Created on 06-10-2016 10:05 AM - edited 09-16-2022 03:24 AM
Is there a reliable way to count things when using Spark? In Hadoop jobs, counters are never "counted" if the job fails partway through, or if speculative execution causes two process to perform the same operation, only the first complete task's counters are aggregated. My undersanding is that Spark's accumulators are not the same, and that both stage failures and speculative execution can lead to double-counting, meaning my counters are not actually reliable.
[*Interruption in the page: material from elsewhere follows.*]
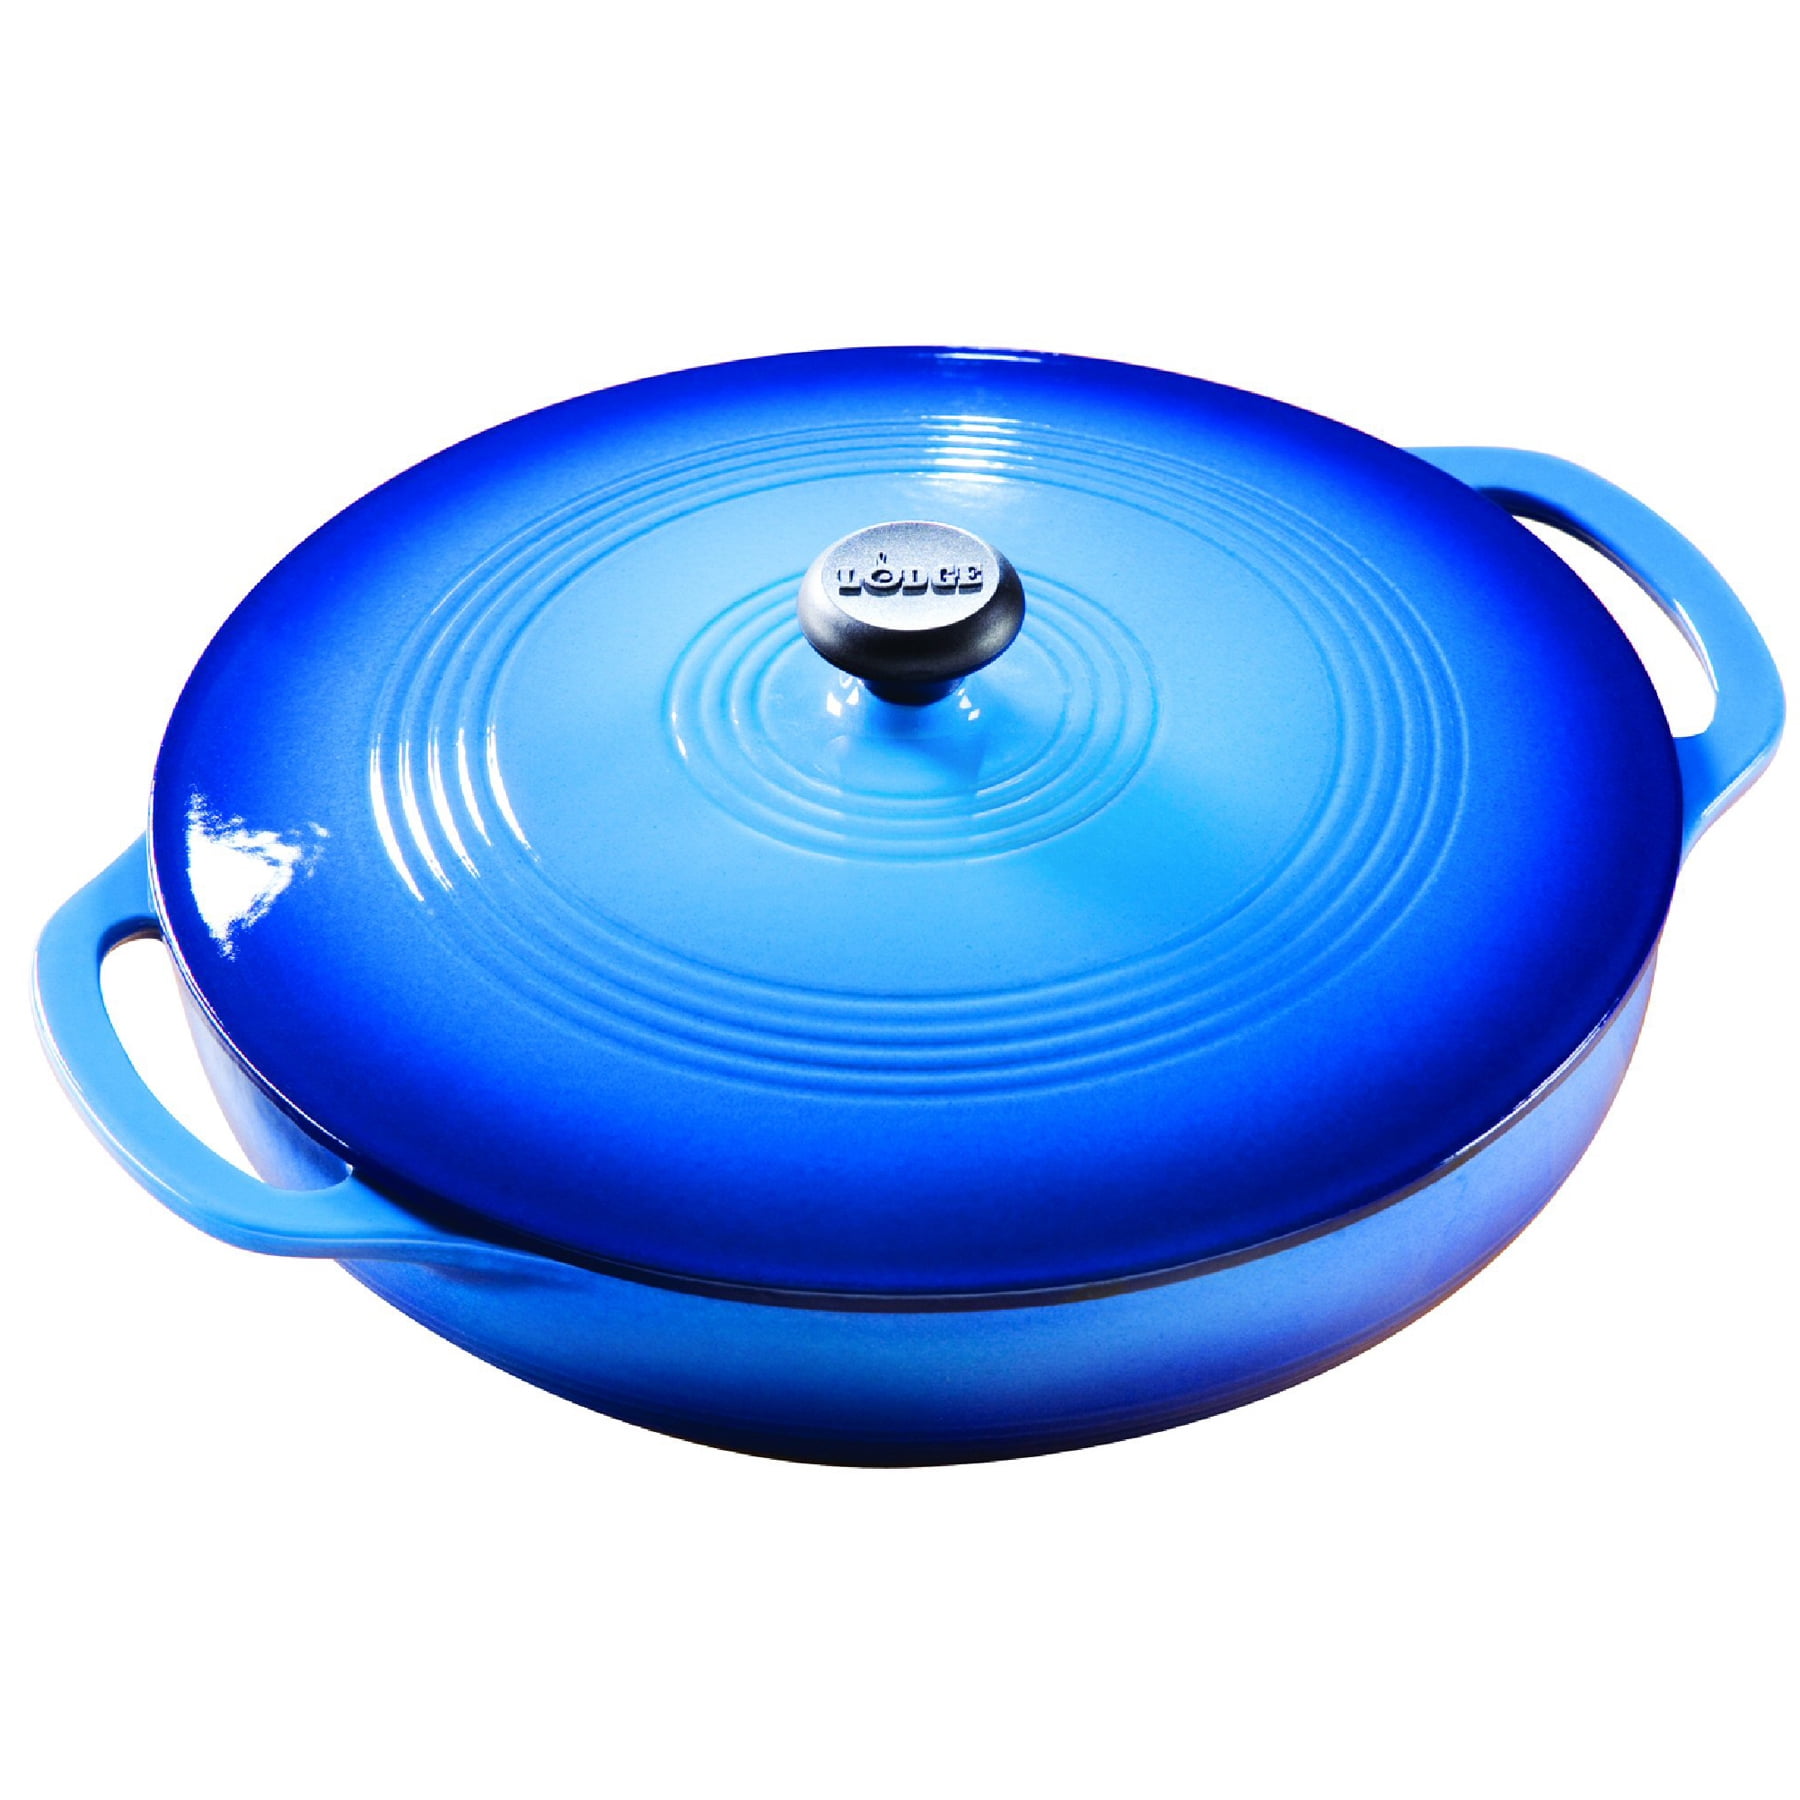  Lodge 3.6 Quart Enameled Cast Iron Oval Casserole With Lid–  Dual Handles – Oven Safe up to 500° F or on Stovetop - Use to Marinate,  Cook, Bake, Refrigerate and Serve –

Surely there's a way to get around this?
Created 06-10-2016 11:18 AM
Hi storysj,
Accumulator updates performed within an action will only be counted once while accumulator updates within transforms may be double counted if a retry occurs.
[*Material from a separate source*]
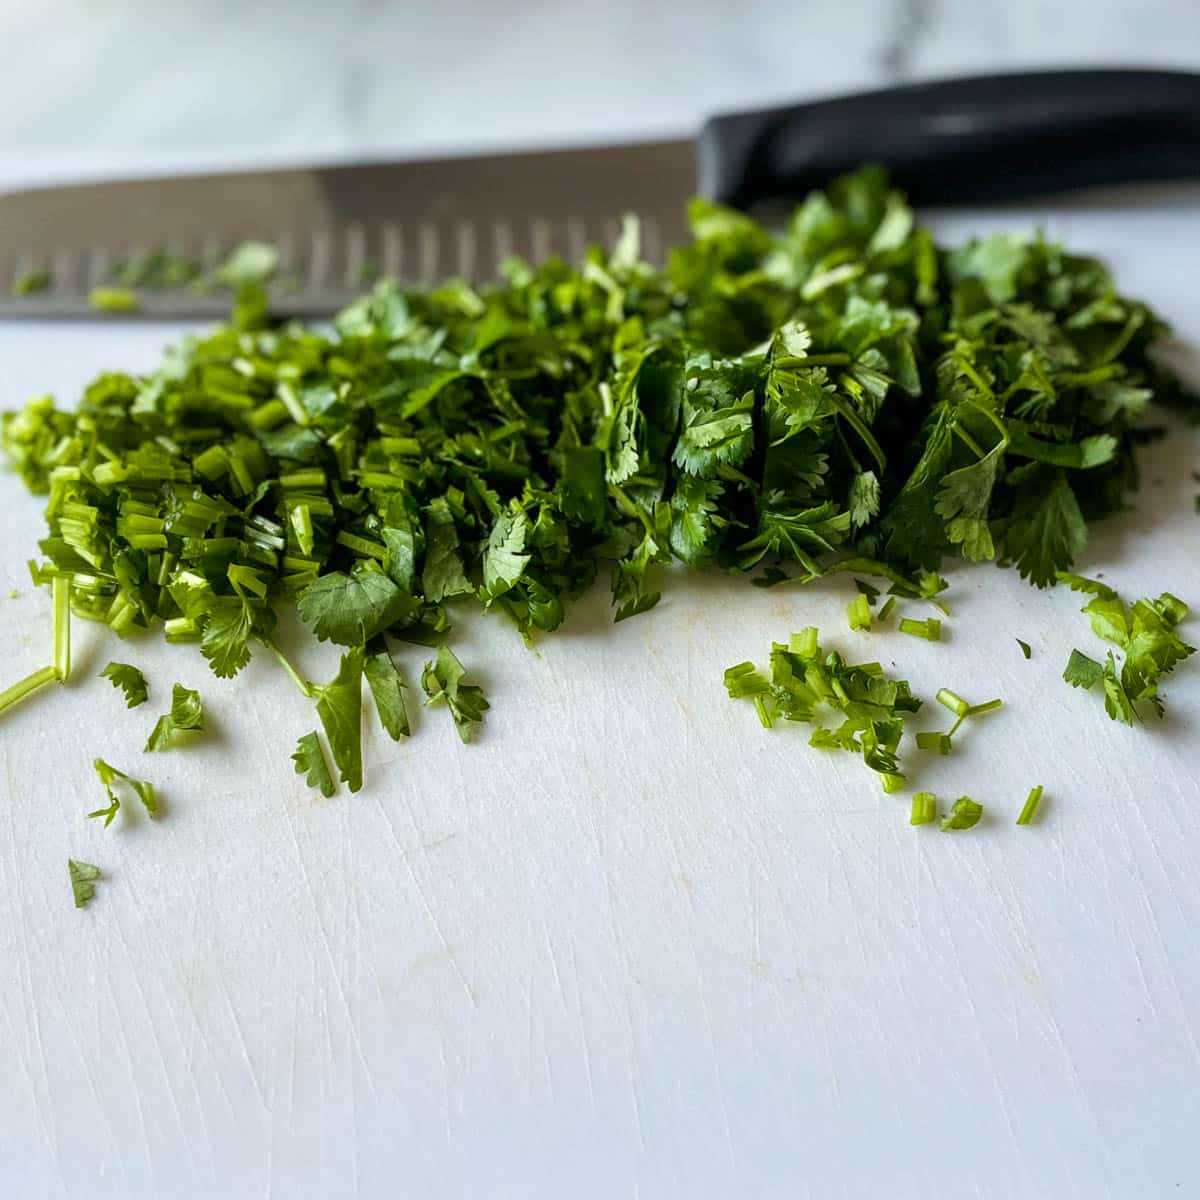 Chopped fresh cilantro is shown on a white cutting board with a kitchen knife in the background.

IE this code would gaurantee counts only applied once:
val accum = sc.accumulator(0, "test") sc.parallelize(Array(1, 2, 3, 4)).foreach(x => accum += x if (scala.util.Random.nextInt(2) == 0) throw new RuntimeException("random error") } println(accum.value)
While this could be double counted:
val accum = sc.accumulator(0, "test") sc.parallelize(Array(1, 2, 3, 4)).map(x => accum += x if (scala.util.Random.nextInt(2) == 0) throw new RuntimeException("random error") }.collect() println(accum.value)
Hope this helps,
Jason Hubbard
Created 06-10-2016 11:18 AM
Hi storysj,
Accumulator updates performed within an action will only be counted once while accumulator updates within transforms may be double counted if a retry occurs.
IE this code would gaurantee counts only applied once:
val accum = sc.accumulator(0, "test") sc.parallelize(Array(1, 2, 3, 4)).foreach(x => accum += x if (scala.util.Random.nextInt(2) == 0) throw new RuntimeException("random error") } println(accum.value)
While this could be double counted:
val accum = sc.accumulator(0, "test") sc.parallelize(Array(1, 2, 3, 4)).map(x => accum += x if (scala.util.Random.nextInt(2) == 0) throw new RuntimeException("random error") }.collect() println(accum.value)
Hope this helps,
Jason Hubbard
Created 06-10-2016 01:43 PM
Created 06-11-2016 07:54 AM
Based on the classes, I think you are using the Java API. You can still use the foreach to use the accumulators in a reliable way.
final Accumulator<Integer> failed = sc.accumulator(0); final Accumulator<Integer> fieldCount = sc.accumulator(0); rdd.foreach(new VoidFunction<String>(){ public void call(String line) { if (parseSuccess(line)) { fieldCount.add(1); } else { failed.add(1); }}); fieldCount.value() failed.value()
Another option is to use the reduce function instead of using accumulators. You could parse the xml in a transformation so you still have an RDD of beans to do other transformations and actions, but call the reduce to caclulate the counts you want. In order to calculate records that failed to parse, you can set that record to null or another value to indicate that. If you are concerned about performance, you can cache the RDD so it is efficient or wait to do this calculation in a accumulator when you finally perform your action, not all actions accept functions so this might not be possible.
Hope this helps.
Created 06-13-2016 07:39 AM
Created 06-13-2016 07:45 AM
I think something got lost there -- you can increment accumulators in a transformation. The point above was just that nothing happens until something later invokes an action. The only caveat here is that accumulators may double-count in some failure contexts.
Or, you can run an action to do this counting with accumulators (reliably), and then also separately do other transformations for whatever purpose you need. It's not like one RDD can only result in one action or transformation. That's the simple, standard answer.
There are other answers still. It's most certianly possible, even easy.
Created 06-13-2016 07:54 AM
So I need the reliable counters. That's a must-have.
You're right, I could do the same process twice, once for the counters (action) and once for the transformation (no counters), but that's not efficient.
Created 06-13-2016 07:58 AM
You can just run the counting on the output of the transformation, which presumably will contain a "null" or something for records that failed to parse. The only thing is that you'll want to persist that data set to avoid recomputing it. That means some extra I/O, but on the upside, does mean it's persisted for all future stages as well.
Created 06-13-2016 08:07 AM
I appreciate that suggestion, but for my use case, counters need to be incremented during the transformation when there's context to know what to count. That's my fault for not being more clear on earlier, but I need to know if I failed to parse because of invalid xml, or because of an OOME, or because the xml didn't conform to the schema, etc. That information can't be derrived from the output of "null", it needs to happen inside varous `catch` blocks.
I think the only suggestion so far that would "work" would be to run duplicate functions, first as an action for the counters, and then as a transformation to actually get my results. But that is likely to be inneficient, and will make going back to Hadoop more attractive.
Created 06-13-2016 08:13 AM
You could always use a trivial case class to contain either the desired output, or a complete error description, and process accordingly. Downstream processing would filter in only results with output and take the output; error counting action would filter out results with output and count different errors. That's not hard -- maybe it helps as a potential way forward.